From Robert Penn Warren to Adrienne Rich, from Gwendolyn Brooks to Terrance Hayes, from Robert Bly to Li-Young Lee, from confessionalists to flarfists, the thrust of American poetry is the thrust of life, liberty, and the pursuit of happiness, which is, in every way, the thrust of American power.
All the same, American poets tend to favor the ideal of limited American power.
Adrienne Rich:
Must I argue the love of multitude in the blur or defend
a solitude of barbed-wire and searchlights, the survivalist’s final solution, have I a choice?
John Ashbery:
The extreme austerity of an almost empty mind
Colliding with the lush, Rousseau-like foliage of its desire to communicate
Something between breaths, if only for the sake
Of others and their desire to understand you and desert you
For other centers of communication, so that understanding
May begin, and in doing so be undone.
Yusef Komunuyakka:
The President of the United States of America
thumbs the pages slowly, moving from reverie to reverie,
learning why one envies the octopus
for its ink, how a man’s skin becomes the final page.

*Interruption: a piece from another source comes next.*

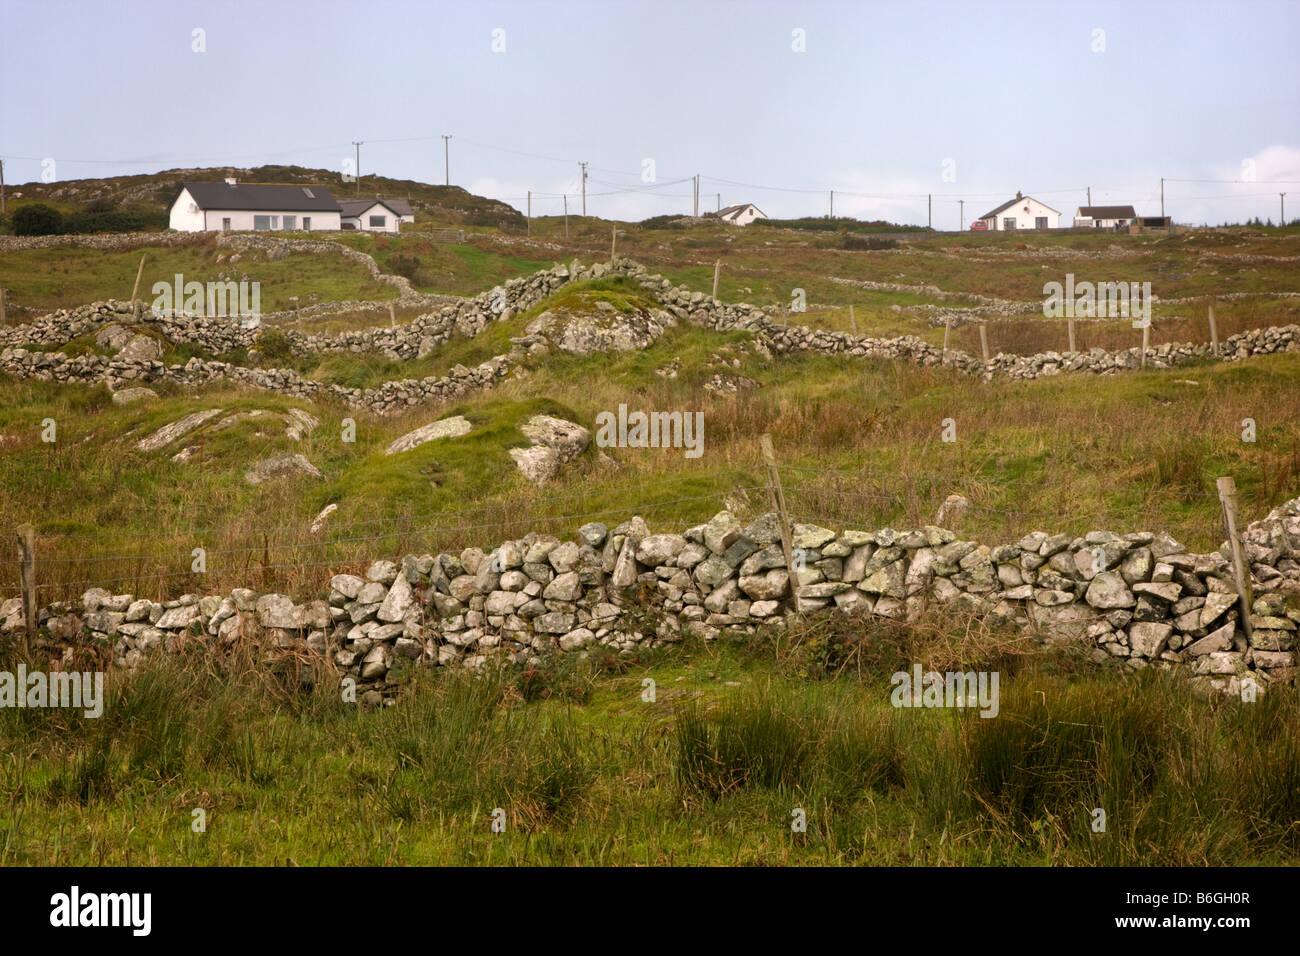 Stone walls and fields, Doonloughan, Connemara, Republic of Ireland - Stock Image

It’s worth noting that all those oft-quoted statements by George Washington and Thomas Jefferson and other founding fathers about the United States not getting entangled in foreign affairs came at a time when the country was in no position to do so. American inability to militarily intervene or to humanitarianly assist lasted into the 20th century.
On the other hand, from the Revolutionary era to the age of Reconstruction, it was European nations which attempted to exert their influence on political events here. Then came the Marshall Plan and a generation of economic growth in the U.S. after World War II that created our massive middle class with its tremendous ability to save capital for retirement. That, plus suffrage for women and the civil rights movement.
Therefore, it’s all well and good then that September 11 should arrive today with not much attention paid to it. As not much is made now of April 19, 1775, April 12, 1861, April 25, 1898, December 7, 1941, August 7, 1964, March 20, 2003.
As American poets begin to sift through the ashes of the last decade of war and its impact on American life, as American poets continue to assert our predisposition for peaceful unification, as American poets write in favor of amity and cessation and pacifism over war and extreme violence and tribalism, it is well too that we not underestimate the vile of tyranny in order simply to be peace-loving.
It is well too that we not diminish the historical or become so absolutist or insist in promoting without irony W. H. Auden’s complicated phrase that we must “love one another or die.”
It is well too that we accept that not each war is morally equivalent to every other war.
What I mean is, in the form of a question, will American poetry avoid the condensed and simplistic? Will American poets wrestle with the question, say, for example, of whether a principled limited war today is preferable to a very massive world war later? There are many acceptable answers to the question, no?
Believe I don’t have the answer nor the interest in having an answer for every poet. Poets — I say now and I say always — should write about whatever they want to write about.
But today I’m trying to forget September 11 and the narrow, incendiary glorification, even fetishization it has assumed for a dozen years in spite of the real suffering many have lived through, from 9/11 survivors to wounded military and their families.
Instead, I’m going to spend some time thinking, in some way, as best I can, about what a poem can say about the hideous and the atrocious and the wrathful as well as the vanquishing and the triumphal.